Salgado, Saxons Slide Past Vikings
It's been the Schaumburg Saxons' calling card all season long, and they exemplified that to a T Friday night on the road at Fremd.
Needing a victory to become playoff eligible, the Saxons slipped past the Vikings, 24-20, moving to 5-4 overall and 4-0 on the road.
"We see what we are capable of in a do-or-die moment with our backs against the wall," said Jordan Salgado. "Our practices were perfect this week and we talked on Thursday about having each other's backs, being gritty and being a family."
Salgado (23 carries, 137 yards, TD) set the tone early on the Saxons first possession of the contest. He carried the ball 7 times for 34 yards that set up quarterback Marcus Ross' 6-yard TD toss to quarterback-turned-receiver Deontae Arnold for a 7-0 lead at 6:56 of the first.
Schaumburg added to its lead with 46 seconds remaining in the period when Ross hooked up with Hezekiah Trotter from 17 yards out. The play put the visitors up 14-0, and it looked as if they would coast the rest of the way.
But as Fremd has exhibited all year long, they still had a lot of fight left in the tank.
Midway through the second quarter, sophomore quarterback Andrew Saxe led the Vikings on a scoring drive that culminated in a 4-yard TD strike to Fremd's leading receiver, senior Ben Konopka that cut the deficit to 14-7.
"Down 14-0, 21-0, it doesn't matter, I knew these guys would fight and be aggressive tonight, " said Konopka. " Throughout the whole season, I know the record isn't where we want it to be at 1-8, but it's been the same speed at practice since Game 1…I'm proud of my guys tonight."

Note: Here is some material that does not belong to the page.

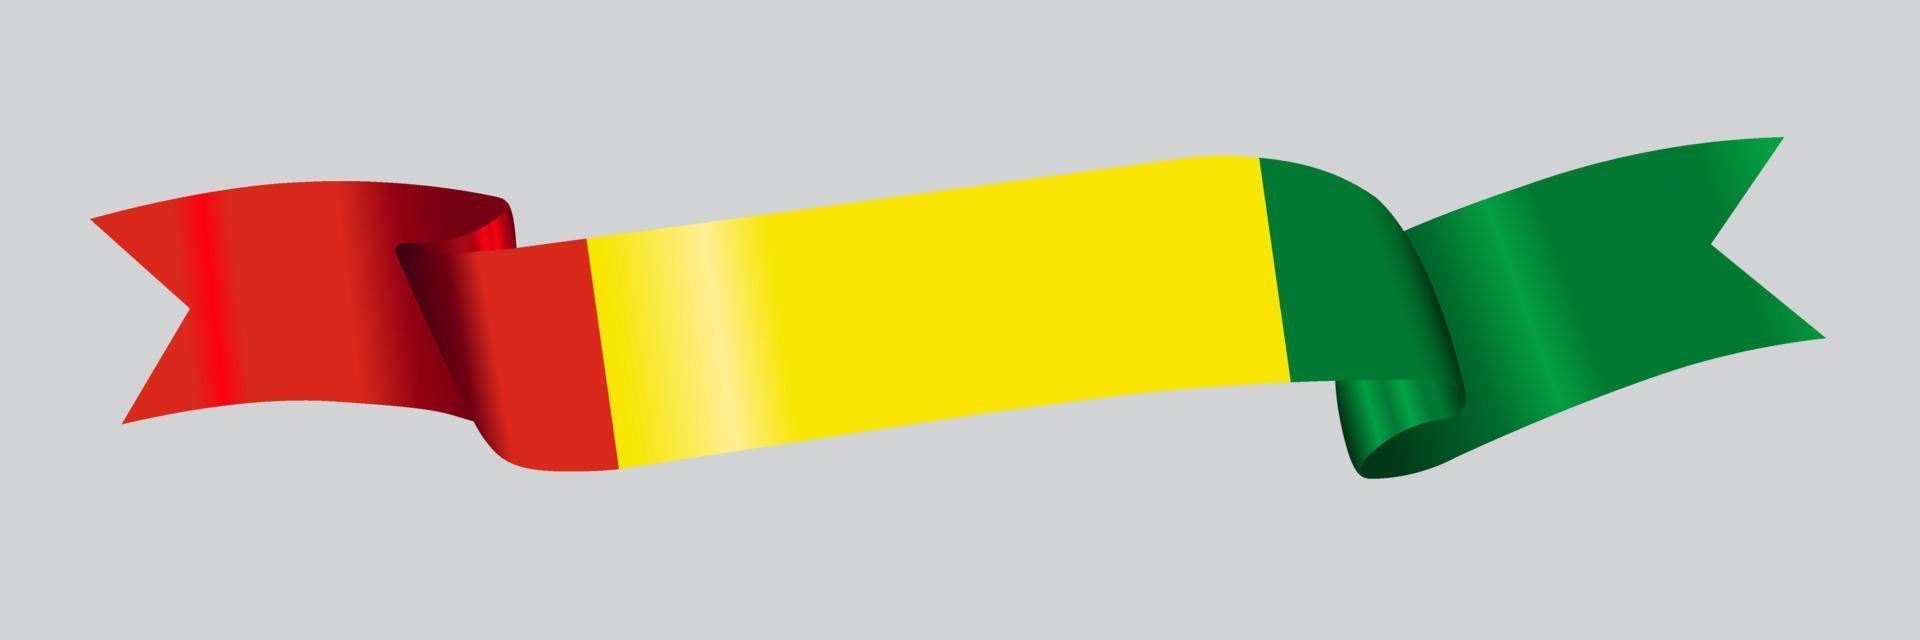 3d bandera de bolivia en una cinta de tela. vector

They sure didn't look like a 1-8 football team Friday night.
On the Saxons' ensuing drive, Schaumburg looked to pad its lead and reached midfield before cornerback Nick Rattin plucked an errant pass to set the Vikings up in great field position with 5:19 left in the half.
Three minutes later, Rasheed Amos chugged into the end zone from 2 yards out to deadlock the game at 14-14 at intermission.
With Schaumburg set to receive the second-half kickoff, Fremd head coach Lou Sponsel stuck with the team's aggressive mantra, and called an onside kick that the Vikings recovered at the Saxons' 49.
"We had to pull it all out tonight, " said Sponsel. "But as has been the story with us all season, we made too many mistakes, our opponents capitalize on some mismatches and we come up a little short…but these kids fight and play hard out there."
The Vikings could not parlay the excellent field position into points, as the Saxons defense forced them into a 3-and-out. From there they went on the offensive.
Ross engineered a 5-minute scoring drive that was capped off by the workhorse himself, Salgado. He barreled his way in for the go-ahead score from 2 yards out with 5:50 remaining in the third to put Schaumburg up for good at 21-14.
"We talk about making next Friday night your best game," said Saxons head coach Mark Stilling. "And Jordan just competed his butt off tonight…and our offensive line had a couple kids go down tonight and we really had to grind out that fourth quarter, but I really liked our O-Line play in the 4th."
Schaumburg extended its lead to 24-14 on a Jon Mueller 20-yard field goal with 9:45 left to go in the game, but Fremd rallied once again when backup quarterback, Zac Garnmeister, filling in for an injured Saxe, crossed the plain from a yard out with 5:25 to go. The Vikings missed the extra point, but narrowed the lead to 24-20.
They would not see the ball again.
Answering the bell as they had all night, the offensive line kept the chains moving the final 5:25 as Ross' final run of the night, a 10-yarder, put the finishing touches on the victory and quite possibly hoisted the Saxons into the postseason.
For Fremd, a frustrating season came to a close.
"With all the distractions, injuries and sicknesses we faced this season, this team never wavered," said Sponsel. "A lot of guys in our world today would have quit, but not these guys, I'm proud of this senior group. And they left a strong legacy of fight and character and resiliency that's going to echo for years."